本文章由计算机程序翻译，如有差异，请以英文原文为准。

查看原文

微信好友朋友圈 QQ好友复制链接

本刊更多论文

Construction of machine learning diagnostic models for cardiovascular pan-disease based on blood routine and biochemical detection data.

Background: Cardiovascular disease, also known as circulation system disease, remains the leading cause of morbidity and mortality worldwide. Traditional methods for diagnosing cardiovascular disease are often expensive and time-consuming. So the purpose of this study is to construct machine learning models for the diagnosis of cardiovascular diseases using easily accessible blood routine and biochemical detection data and explore the unique hematologic features of cardiovascular diseases, including some metabolic indicators.

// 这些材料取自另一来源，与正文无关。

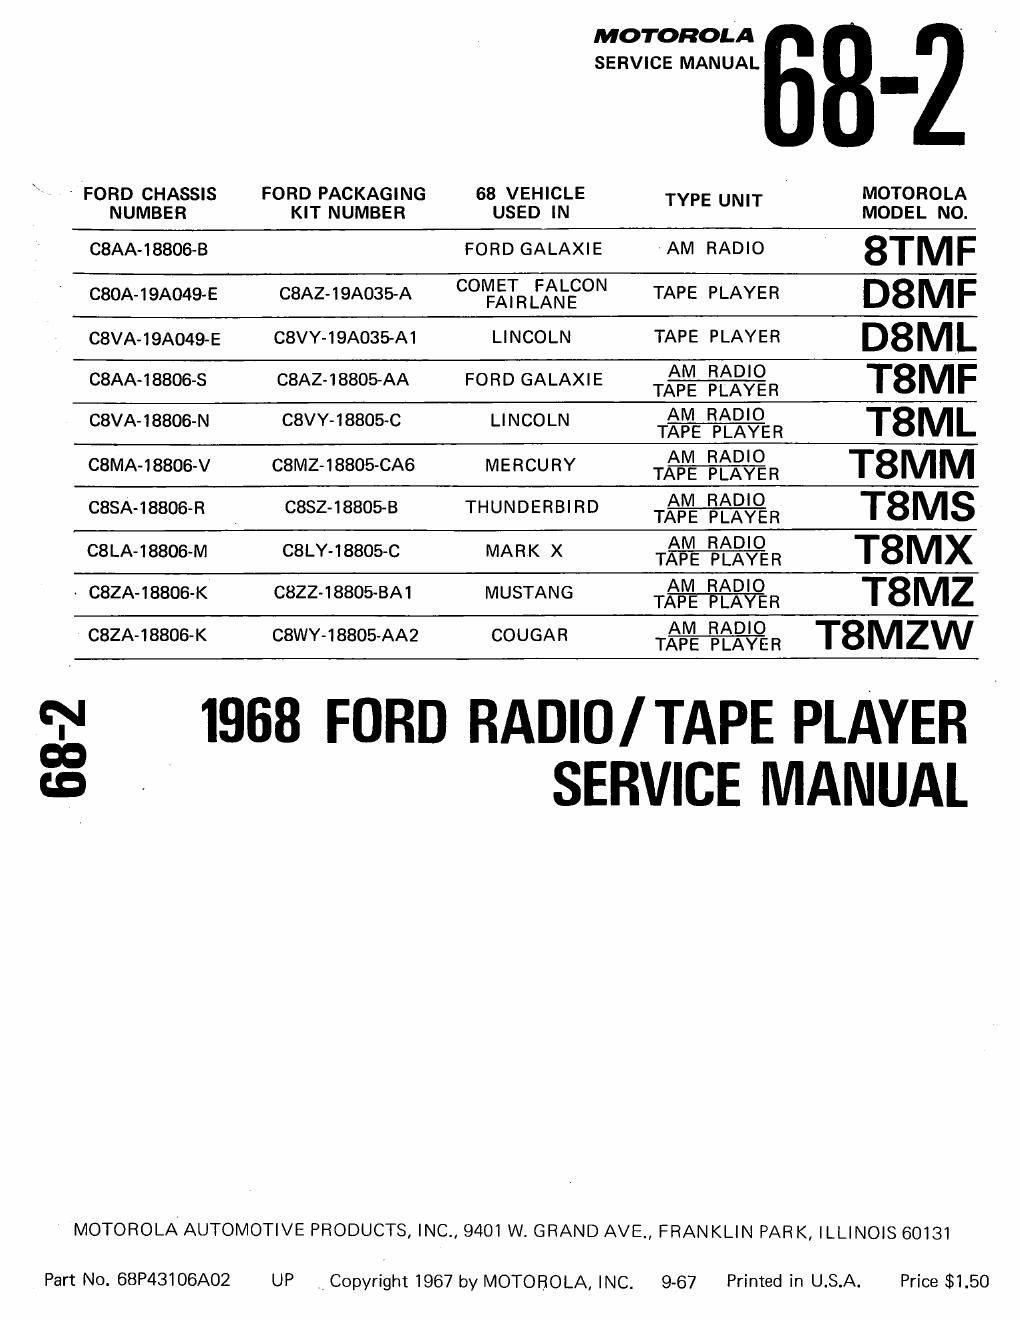 motorola 8 tmf service manual

Methods: After the data preprocessing, 25,794 healthy people and 32,822 circulation system disease patients with the blood routine and biochemical detection data were utilized for our study. We selected logistic regression, random forest, support vector machine, eXtreme Gradient Boosting (XGBoost), and deep neural network to construct models. Finally, the SHAP algorithm was used to interpret models.

Results: The circulation system disease prediction model constructed by XGBoost possessed the best performance (AUC: 0.9921 (0.9911-0.9930); Acc: 0.9618 (0.9588-0.9645); Sn: 0.9690 (0.9655-0.9723); Sp: 0.9526 (0.9477-0.9572); PPV: 0.9631 (0.9592-0.9668); NPV: 0.9600 (0.9556-0.9644); MCC: 0.9224 (0.9165-0.9279); F1 score: 0.9661 (0.9634-0.9686)). Most models of distinguishing various circulation system diseases also had good performance, the model performance of distinguishing dilated cardiomyopathy from other circulation system diseases was the best (AUC: 0.9267 (0.8663-0.9752)). The model interpretation by the SHAP algorithm indicated features from biochemical detection made major contributions to predicting circulation system disease, such as potassium (K), total protein (TP), albumin (ALB), and indirect bilirubin (NBIL). But for models of distinguishing various circulation system diseases, we found that red blood cell count (RBC), K, direct bilirubin (DBIL), and glucose (GLU) were the top 4 features subdividing various circulation system diseases.

Conclusions: The present study constructed multiple models using 50 features from the blood routine and biochemical detection data for the diagnosis of various circulation system diseases. At the same time, the unique hematologic features of various circulation system diseases, including some metabolic-related indicators, were also explored. This cost-effective work will benefit more people and help diagnose and prevent circulation system diseases.

求助全文

通过发布文献求助，成功后即可免费获取论文全文。去求助

来源期刊

Cardiovascular Diabetology 医学-内分泌学与代谢

CiteScore

12.30

自引率

15.10%

发文量

240

审稿时长

1 months

期刊介绍： Cardiovascular Diabetology is a journal that welcomes manuscripts exploring various aspects of the relationship between diabetes, cardiovascular health, and the metabolic syndrome. We invite submissions related to clinical studies, genetic investigations, experimental research, pharmacological studies, epidemiological analyses, and molecular biology research in this field.